▶ Task instructions: Retype exactly the lines of the listing below from the one with "144-160/110-125 Drainage Adaptor" through the last, both included, and leave every picture out.

▶ Records shown:
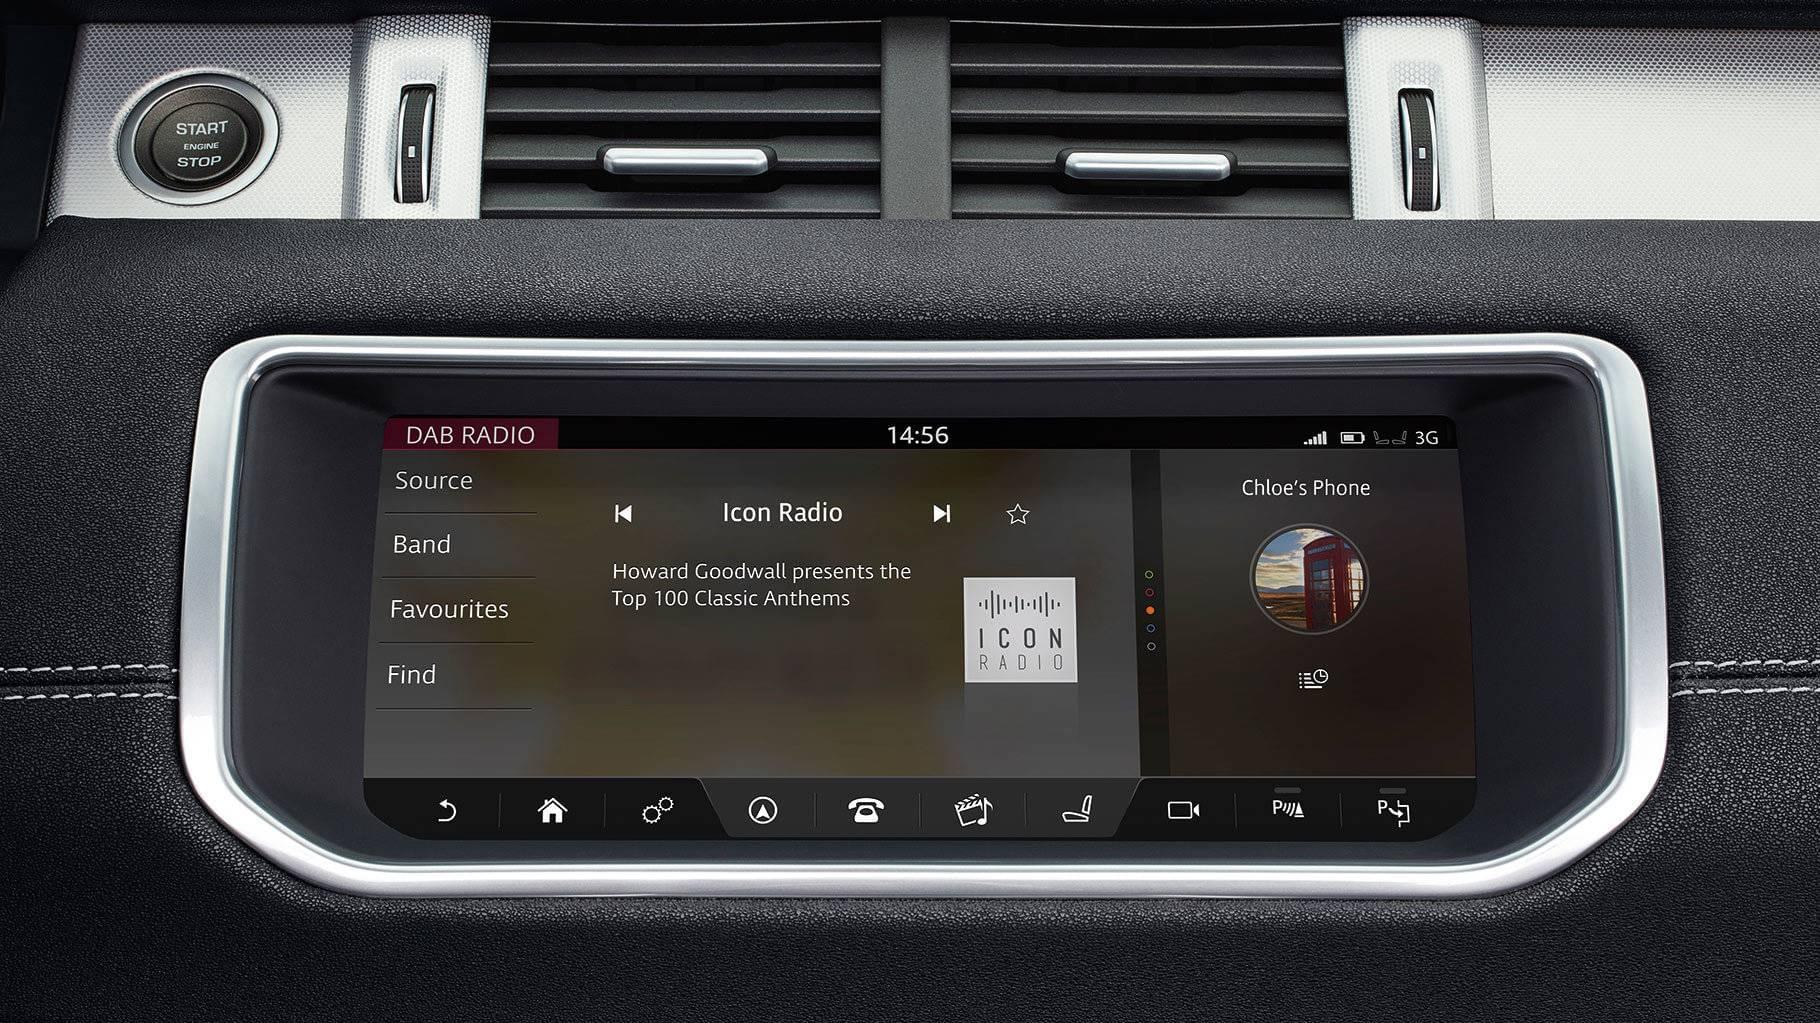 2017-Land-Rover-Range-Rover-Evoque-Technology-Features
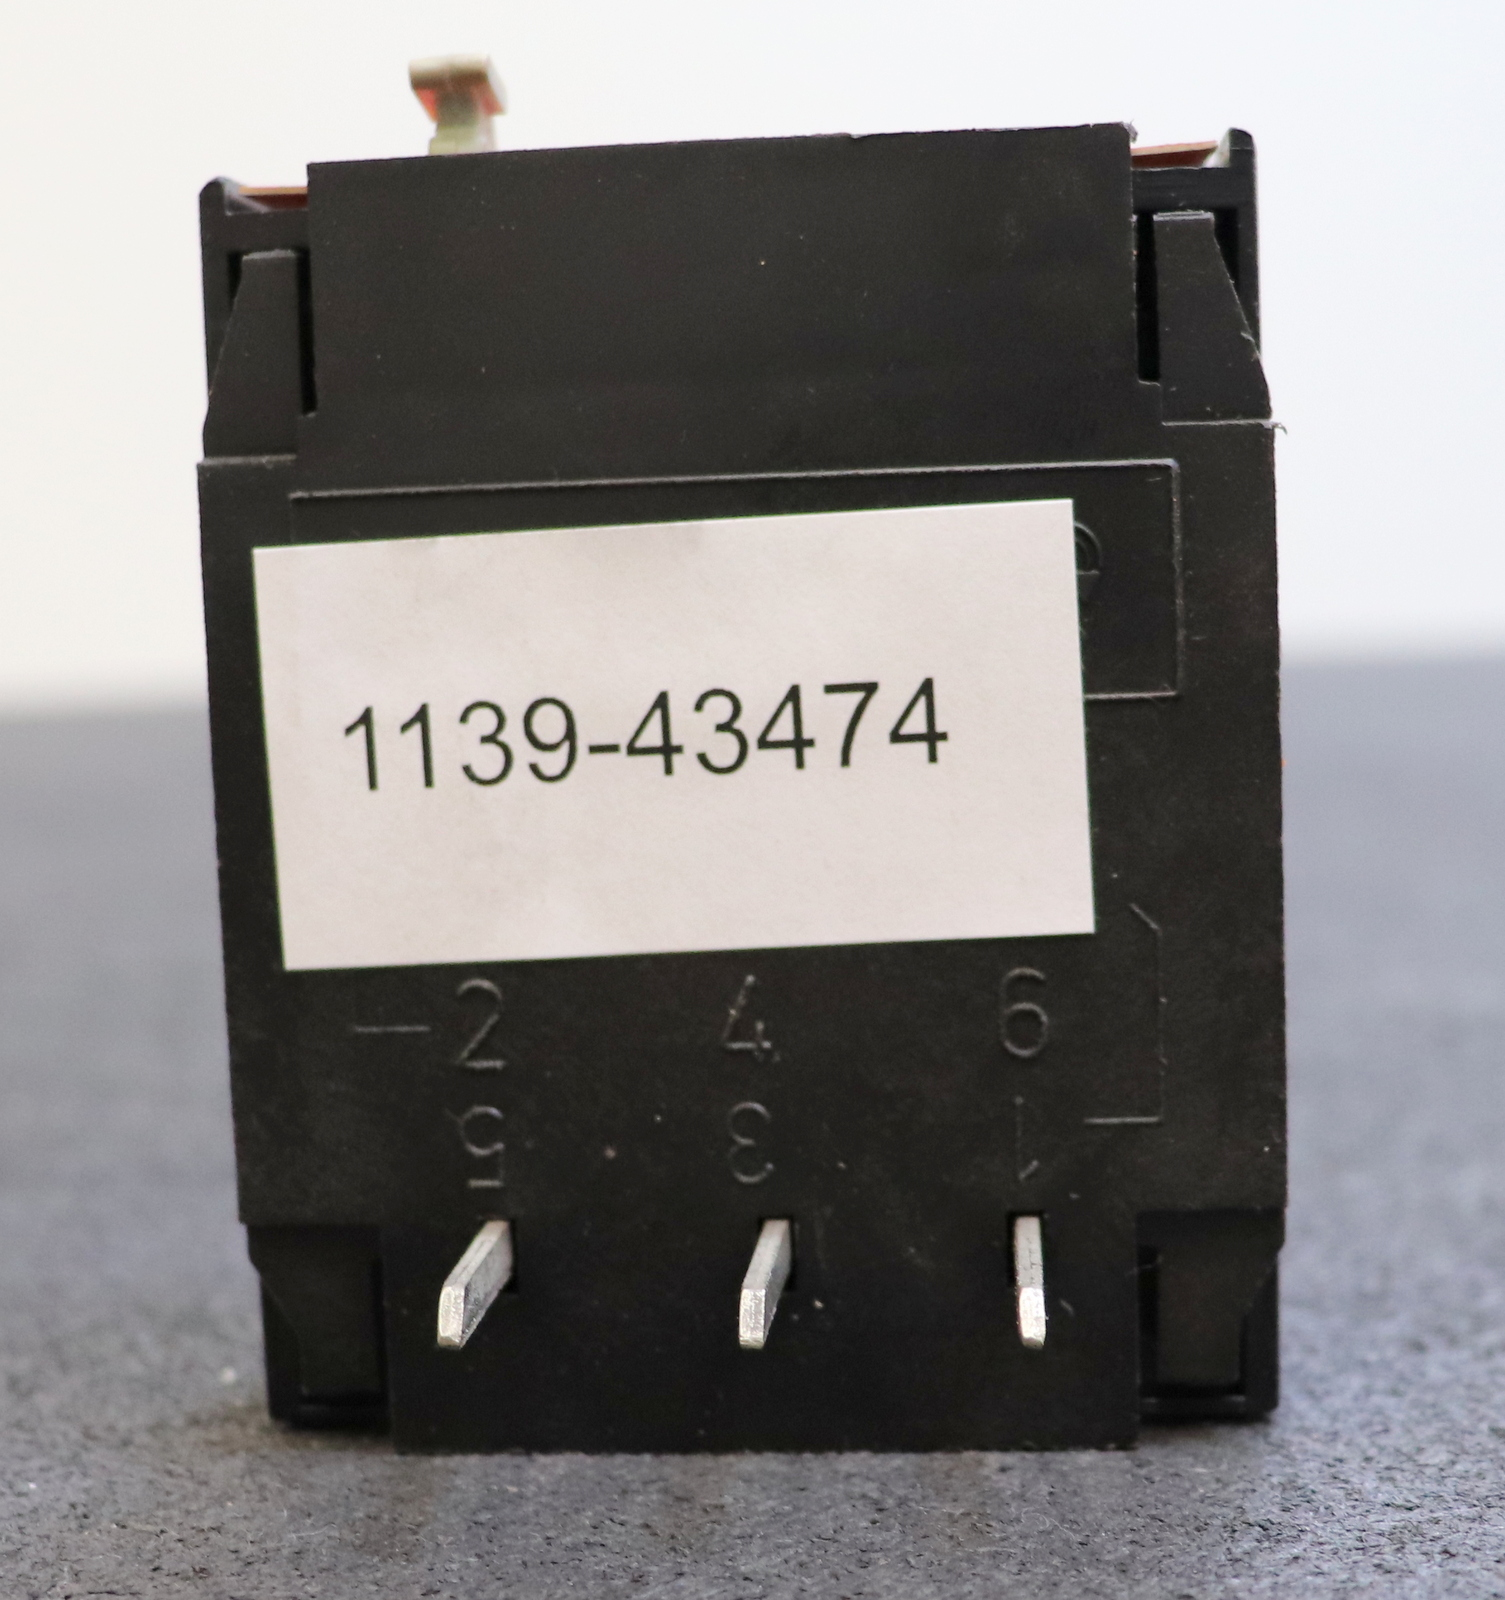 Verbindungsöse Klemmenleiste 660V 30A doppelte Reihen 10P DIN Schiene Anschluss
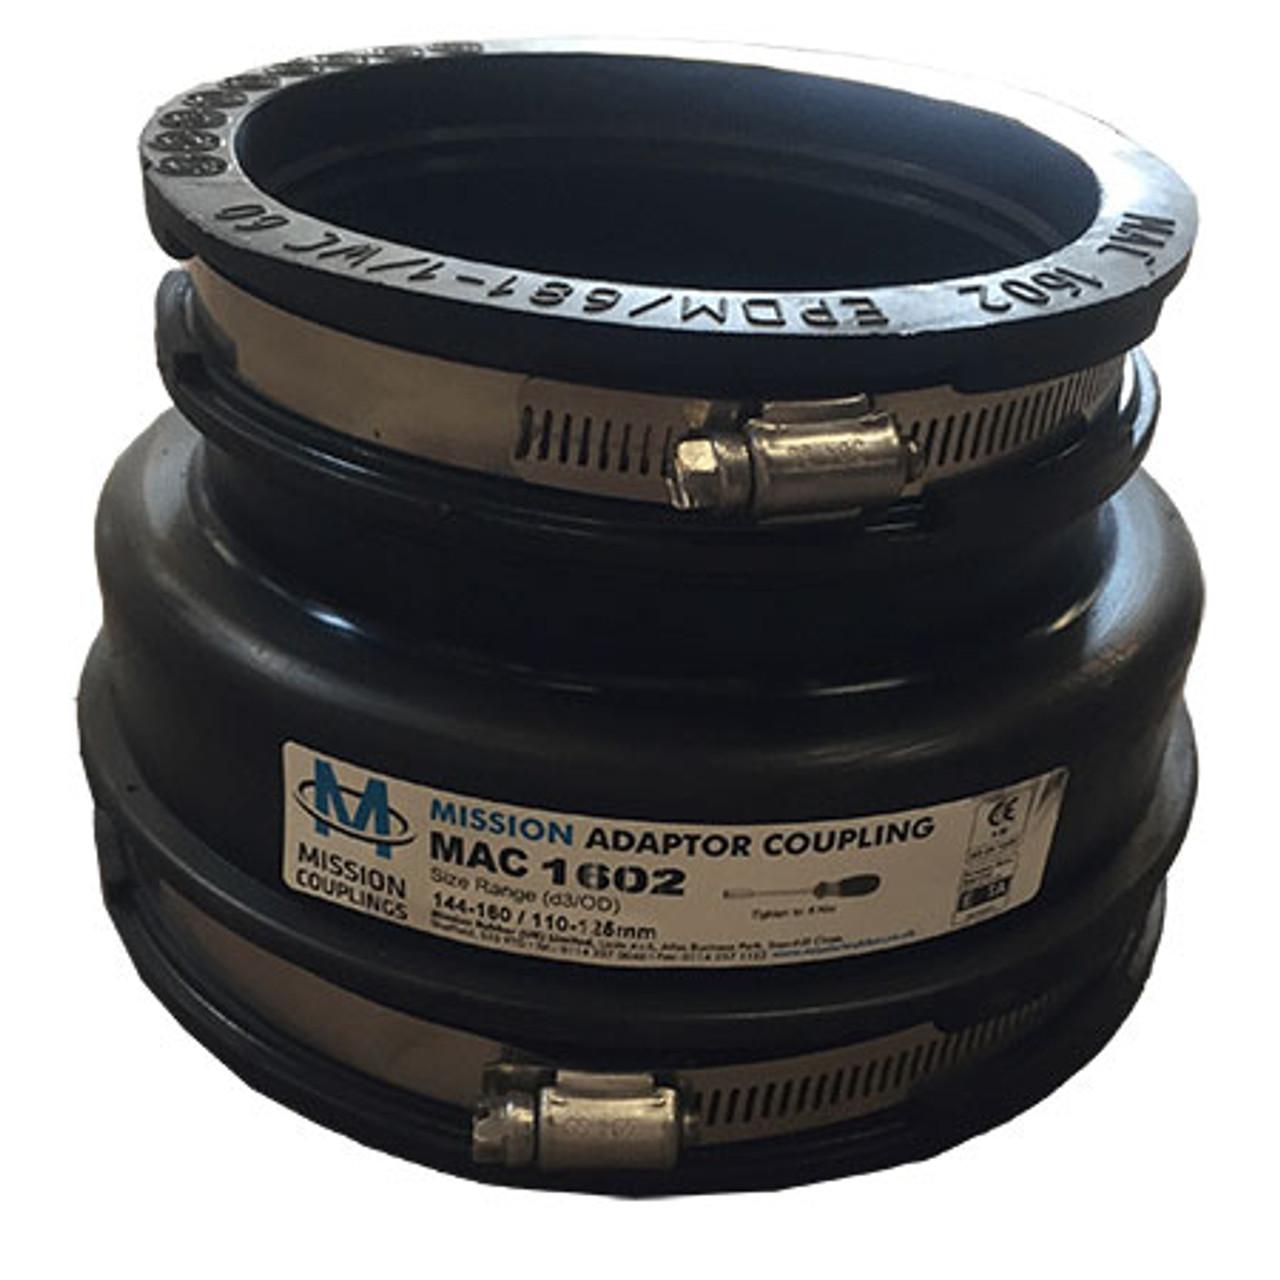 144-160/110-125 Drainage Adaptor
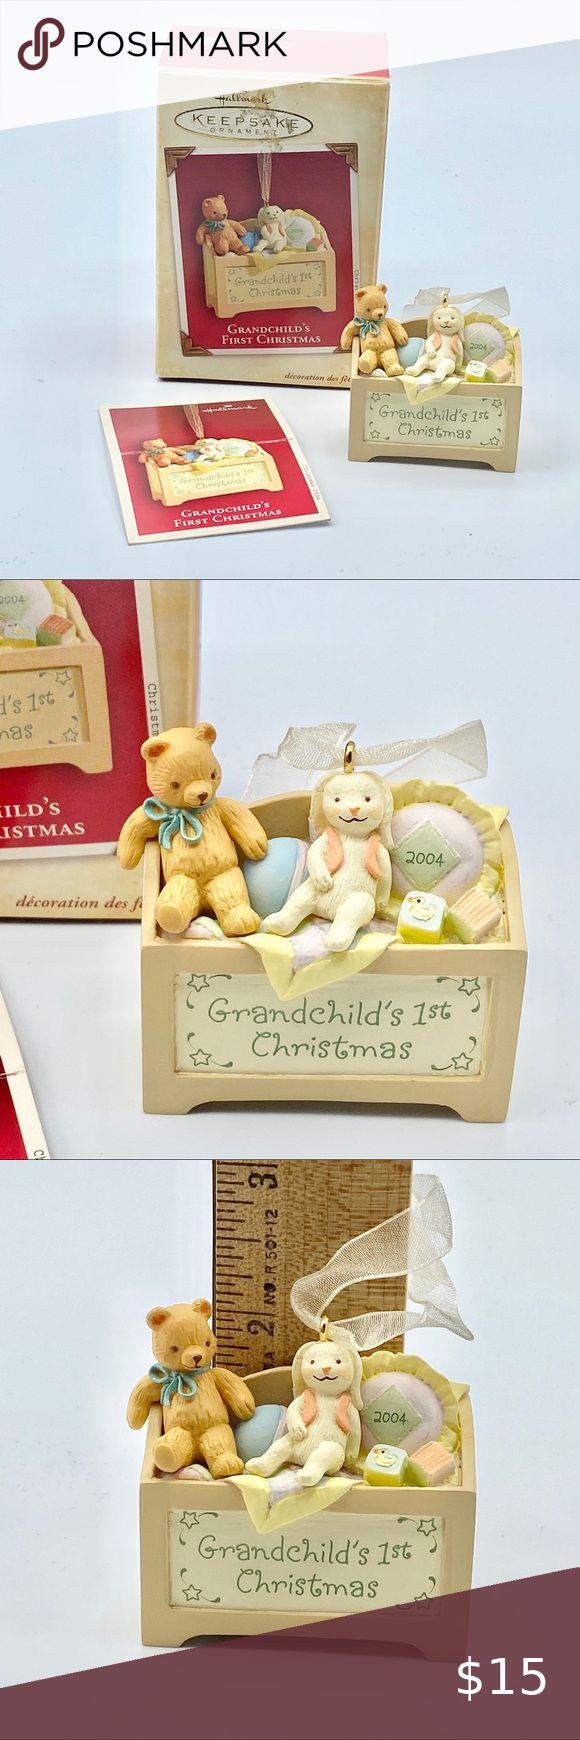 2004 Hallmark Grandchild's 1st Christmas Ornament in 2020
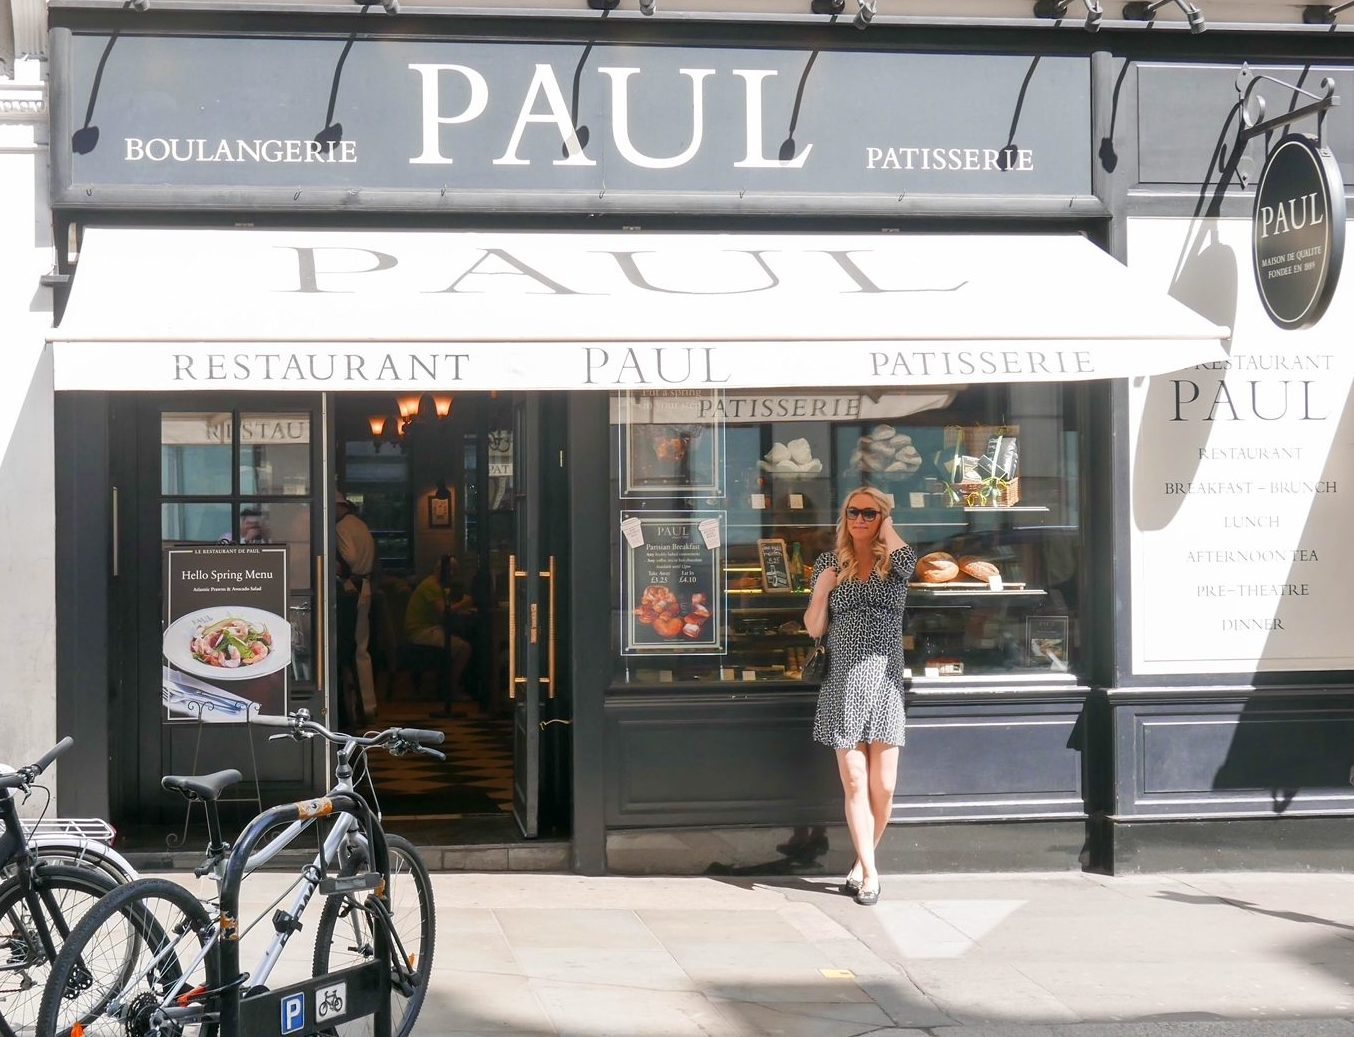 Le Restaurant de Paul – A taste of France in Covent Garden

▶ Output for this task:
 144-160/110-125 Drainage Adaptor
 2004 Hallmark Grandchild's 1st Christmas Ornament in 2020
 Le Restaurant de Paul – A taste of France in Covent Garden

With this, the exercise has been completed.